Data Readiness¶
The nomad readiness command helps administrators determine when sufficient data has been collected for reliable ML predictions.
Quick Start¶
nomad readiness # Basic readiness report
nomad readiness -v # Verbose with feature details
nomad readiness --db mydata.db # Specify database
What It Assesses¶
The readiness estimator evaluates four dimensions:
1. Sample Size¶
| Level | Jobs | Score |
|---|---|---|
| Minimum | 100+ | 40% |
| Recommended | 500+ | 70% |
| Optimal | 1000+ | 100% |
2. Class Balance¶
Compares successful vs failed jobs. Ideal ratio is between 60:40 and 90:10. Extremely imbalanced data (>95% one class) reduces prediction reliability.
3. Feature Coverage¶
Checks that all 17 feature dimensions have sufficient variance:
- CPU efficiency
- Memory utilization
- I/O wait percentage
- NFS write ratio
- Runtime characteristics
- Exit signals
- And more...
Features with zero variance (all same value) don't contribute to predictions.
4. Data Recency¶
Recent data is weighted more heavily. The estimator checks:
- Jobs from last 24 hours
- Jobs from last 7 days
- Jobs from last 30 days
Stale data (>30 days old only) triggers a warning.
Output Example¶
======================================================================
NOMAD Data Readiness
======================================================================
Overall Score: 72% (Recommended)
======================================================================
Sample Size ================.... 847 jobs (85%)
Class Balance ==============...... 82:18 ratio (70%)
Feature Coverage ==================== 17/17 features
Data Recency ==========.......... 3 days old (50%)
======================================================================
Forecast: At 125 jobs/day, optimal threshold (1000)
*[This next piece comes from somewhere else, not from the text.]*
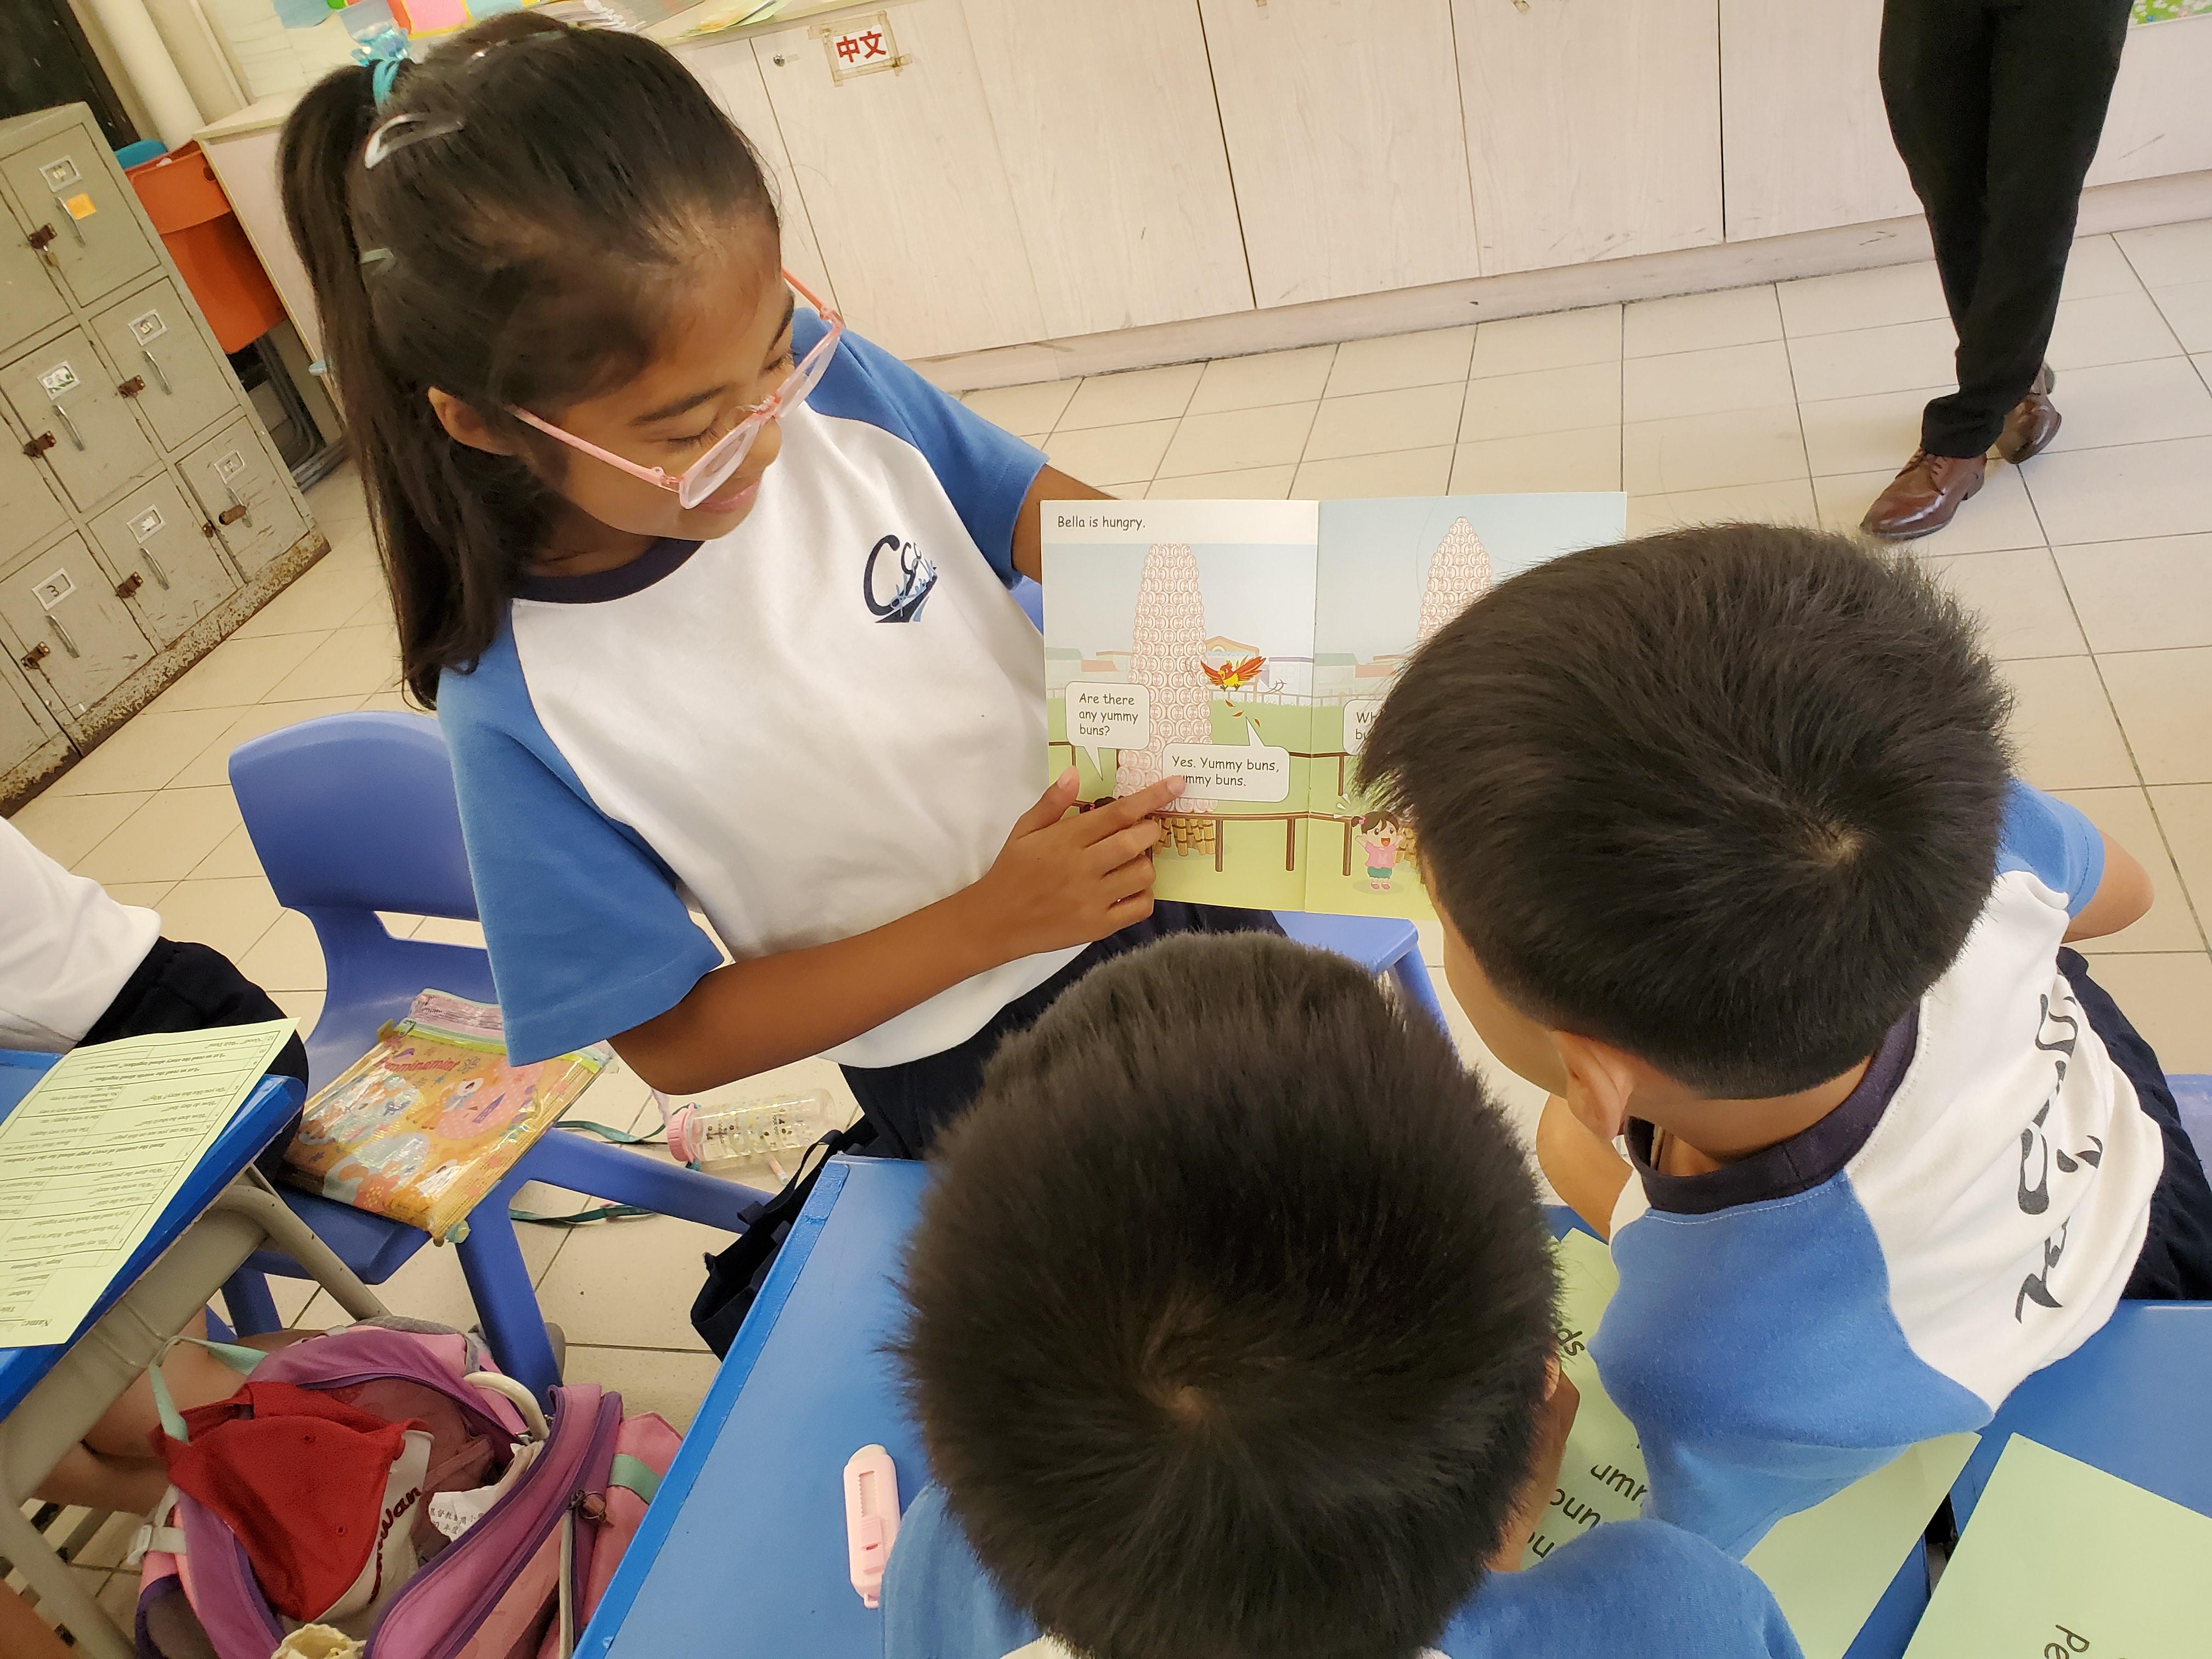 http://www.keiwan.edu.hk/sites/default/files/35_1.jpg

will be reached in approximately 2 days.
======================================================================
Verbose Mode¶
With -v or --verbose, see per-feature statistics:
Shows coefficient of variation (CV%) for each feature, helping identify which metrics contribute most to predictions.
Recommendations¶
The command provides actionable recommendations:
- Low sample size: "Continue collecting data. Run
nomad collectto gather more jobs." - Class imbalance: "Dataset is heavily skewed toward successful jobs. Consider longer collection period to capture more failure modes."
- Missing features: "GPU metrics unavailable. Install nvidia-smi for GPU-enabled nodes."
- Stale data: "Most recent job is 15 days old. Ensure collectors are running."